Чужие порты, особенно ночью, кажутся загадочными. Цветные огни бросают тусклый свет на серые громады зданий. Подходим ближе. Сверкает огненной рекламой один из красивейших городов Африки. И ярче других реклам — голова сфинкса. Она горит то синим, то красным, то зеленым светом, и ее нервные, стремительные контуры, точно молнии, бьют в глаза. Голова сфинкса возвышается на крыше здания, построенного в стиле модерн, в пригороде Касабланки. Это публичный дом.
Публичные дома в Марокко запрещены. Но этот, единственный, существует открыто: он принадлежит и приносит доход весьма влиятельному лицу.
Неподалеку, на берегу океана, распласталось еще одно здание в цветных огненных бликах: игорный дом. Я был в нем. Ходил смотреть, как все это происходит.
Зеленые столы больше бильярдных. Яркие секторы кругов: черные — красные. Бегает, вертится тугой пластмассовый шарик: черное — красное, черное — красное. Мечутся за ним воспаленные глаза, облизывают пересохшие губы люди, потерявшие над собой власть. Крупье: черные костюмы, черные лопатки на длинных гибких рукоятках, бесстрастные, холодные лица. Они никого не зазывают, не приглашают. Точным движением опускают в автомат шарик, ударяют по рукоятке: черное — красное, черное — красное. Плывут над столами, покачиваясь, гибкие рукоятки лопаток, сгребая деньги.
Это первый зал, самый невинный. Здесь выигрыш в семь раз больше ставки. А в следующем — в тридцать семь. В следующем — нервный экстаз. Здесь бьются в истерике страсти.
Эти страсти придумали не африканцы. Африканцы сюда не ходят. Здесь французы, испанцы, американцы…Зеленое сукно принимает любую валюту. Шелестят доллары, фунты, франки. Игроки стараются держать себя спокойно. Они не видят, как сжимаются их кулаки, не слышат скрежета своих зубов. Мечется шарик, и уже не только воспаленные глаза, но, как в безумном тике, дергаются за ним тела.
В этом зале можно стать богатым в несколько минут.
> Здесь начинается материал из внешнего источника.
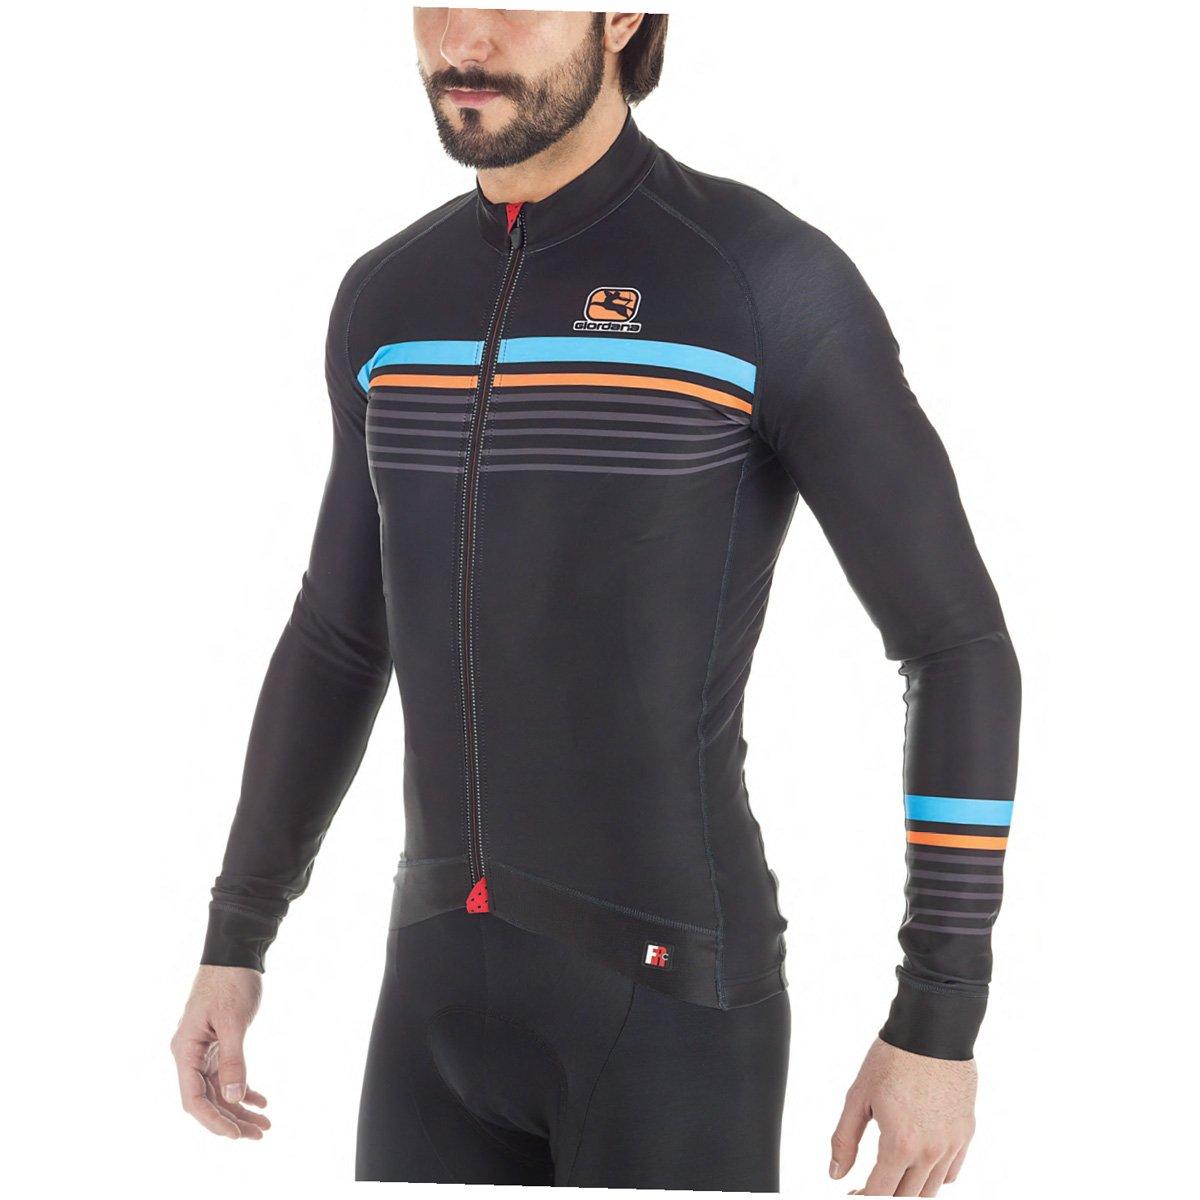 Giordana fr-c Sette長袖Jersey – Men 's Medium BLACK/ORAN/BLUE B076DXF92N

Именно за богатством сюда и приходят. В этом зале теряют все, что имеют.
Бешено вертится шарик, носится по столу. Черное — красное. Где остановится? Плывут над столами лопатки, и тупые глаза провожают только что вынутые и безвозвратно потерянные деньги. До утра горят неоновые огни казино. До утра горят страсти. До утра мечется шарик… Черное — красное… Где остановится? Черные костюмы крупье, черные лопатки, черные души…
Теплоход коммунистического труда приближается к порту. Нас не встречают, не спрашивают, кто мы, откуда и куда идем. Одновременно с нами подходит еще несколько судов. Их тоже не встречают. Ничего не поделаешь, по законам порта он принимает суда с шести утра до десяти вечера. Пришел в другое время — стой и жди. И мы бросаем якорь на внешнем рейде, поднимаем флаг: «Мне нужен лоцман».
Лоцманский катер причалил к борту ровно в шесть. Поднялся на мостик высокий худой француз. Как и положено в морской практике, говорит по-английски, но с сильным французским акцентом. Как и положено, он улыбающийся, предупредительный, остроумный.
Моросит мелкий противный дождь. Мелкий-мелкий, как из пульверизатора. Сзади и спереди подошли буксиры и потащили нас к причалу. Люди с буксиров в тонких коробящихся плащах яркого апельсинового цвета, в какой обычно окрашивают паруса спасательных шлюпок. А марокканцы удачно использовали этот наиболее заметный на воде цвет для плащей. До самого горизонта замелькали желтые пятнышки.
Уже светло, и виден огромный, блестяще организованный порт. Бесконечные причалы, пирсы, стройные, добротные. Краны, будто насторожившиеся вереницы гусей, медленно движутся или стоят, вытянув шеи.